1.Setup and notation
Let $\{X_1, \dots, X_n\}$ be the data, with each $X_i \in \mathbb{R}^p$. The mean vector and centered observations are
$$ \bar X = \frac{1}{n}\sum_{i=1}^{n} X_i, \qquad \bar X_i = X_i - \bar X. $$Collect the centered observations as the columns of the $p \times n$ matrix $\bar{\mathbf X} = (\bar X_1, \dots, \bar X_n)$. The sample covariance matrix is
$$ \Sigma = \frac{1}{n}\sum_{i=1}^{n}(X_i - \bar X)(X_i - \bar X)^\top = \frac{1}{n}\,\bar{\mathbf X}\,\bar{\mathbf X}^\top. $$This $p \times p$ matrix is symmetric and positive semidefinite. By the spectral theorem it admits an orthonormal eigenbasis $e_1, \dots, e_p$ with real eigenvalues, which we order as $\lambda_1 \ge \lambda_2 \ge \dots \ge \lambda_p \ge 0$, so that $\Sigma e_k = \lambda_k e_k$. These eigenvectors are the principal axes. Each viewpoint below arrives at the same conclusion: the optimal directions are the leading eigenvectors of $\Sigma$.
2.Best linear approximation
The first viewpoint asks for the $q$-dimensional affine subspace that lies closest to the data in mean squared distance. Parameterize such a subspace as
$$ L(q) = \Big\{ X_0 + \sum_{k=1}^{q} t_k e_k : t \in \mathbb{R}^q \Big\}, \qquad E = (e_1, \dots, e_q), \quad E^\top E = I_q, $$a plane through a point $X_0$ spanned by orthonormal vectors. The orthogonal projection of a point $X$ onto $L(q)$ is $\mathrm{Pr}_{L(q)}(X) = X_0 + \sum_{k=1}^{q}\langle X - X_0, e_k\rangle\, e_k$, and the objective is the mean squared distance to that projection,
$$ J(L(q)) = \frac{1}{n}\sum_{i=1}^{n}\big\| X_i - \mathrm{Pr}_{L(q)}(X_i)\big\|^2. $$Taking $X_0 = \bar X$ is optimal, because for any choice of $E$ the residual splits by the Pythagorean theorem into a part along the data spread and a part orthogonal to the subspace,
$$ \big\| X_i - \mathrm{Pr}_{L(q)}(X_i)\big\|^2 = \big\| X_i - \bar X \big\|^2 - \sum_{k=1}^{q}\langle X_i - \bar X, e_k\rangle^2. $$The first term does not depend on $E$, so minimizing $J$ is equivalent to maximizing the second sum.
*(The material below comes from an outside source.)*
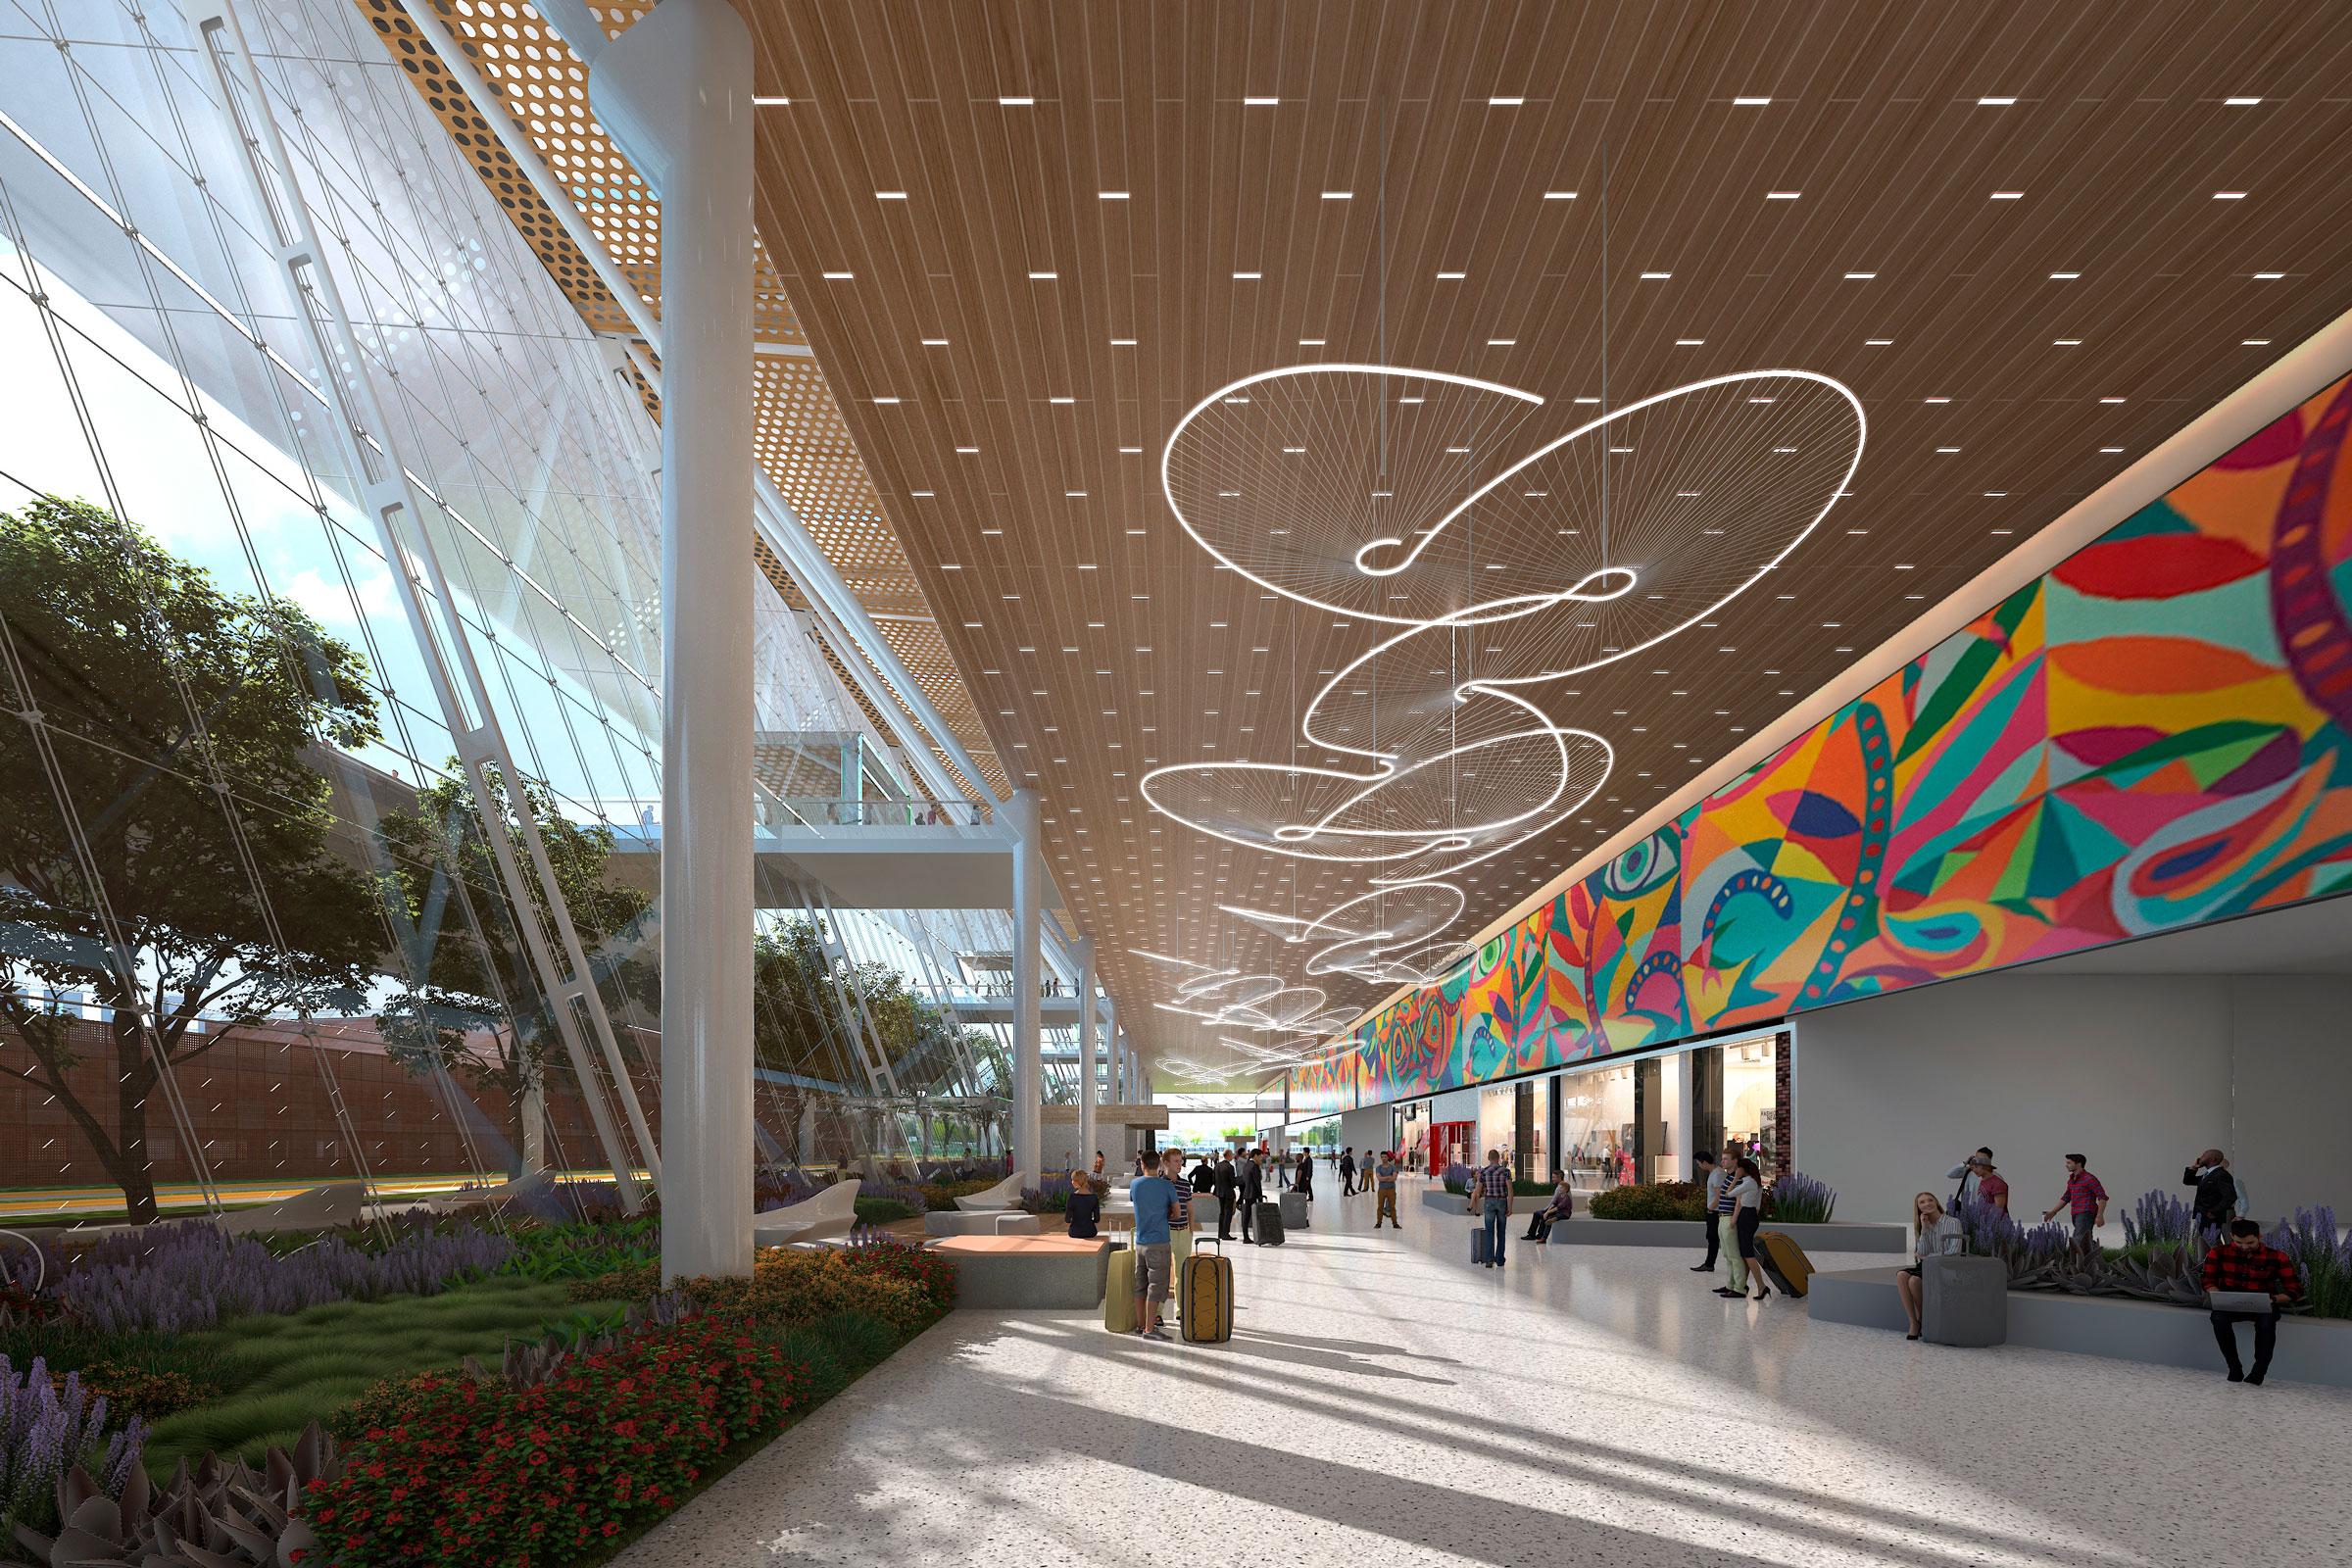 Airport Design Strategies That Make for a Less Stressful Departure

Writing $\langle X_i - \bar X, e_k\rangle^2 = e_k^\top (X_i - \bar X)(X_i - \bar X)^\top e_k$ and averaging over $i$,
$$ \Phi(E) = \frac{1}{n}\sum_{i=1}^{n}\sum_{k=1}^{q}\langle X_i - \bar X, e_k\rangle^2 = \sum_{k=1}^{q} e_k^\top \Sigma\, e_k = \mathrm{Tr}(E^\top \Sigma E). $$The problem is therefore to maximize $\mathrm{Tr}(E^\top \Sigma E)$ subject to $E^\top E = I_q$.
The constrained maximum can be derived directly with Lagrange multipliers. For the first direction, maximizing $e_1^\top \Sigma e_1$ subject to $e_1^\top e_1 = 1$ gives the stationarity condition
$$ \nabla_{e_1}\Big[e_1^\top \Sigma e_1 + \lambda(1 - e_1^\top e_1)\Big] = 2\Sigma e_1 - 2\lambda e_1 = 0 \;\;\Longrightarrow\;\; \Sigma e_1 = \lambda e_1. $$So $e_1$ is an eigenvector, and since $e_1^\top \Sigma e_1 = \lambda$, the maximum is the largest eigenvalue $\lambda_1$. For the second direction one adds the orthogonality constraint $e_2^\top e_1 = 0$; the multiplier on that constraint turns out to be zero, the condition again reduces to $\Sigma e_2 = \lambda e_2$, and the maximum over directions orthogonal to $e_1$ is $\lambda_2$. Continuing in this way yields $e_3, \dots, e_q$. The figure shows the case $q = 1$: the line through the mean that minimizes the squared orthogonal distances. This is not the regression line, which minimizes vertical distances.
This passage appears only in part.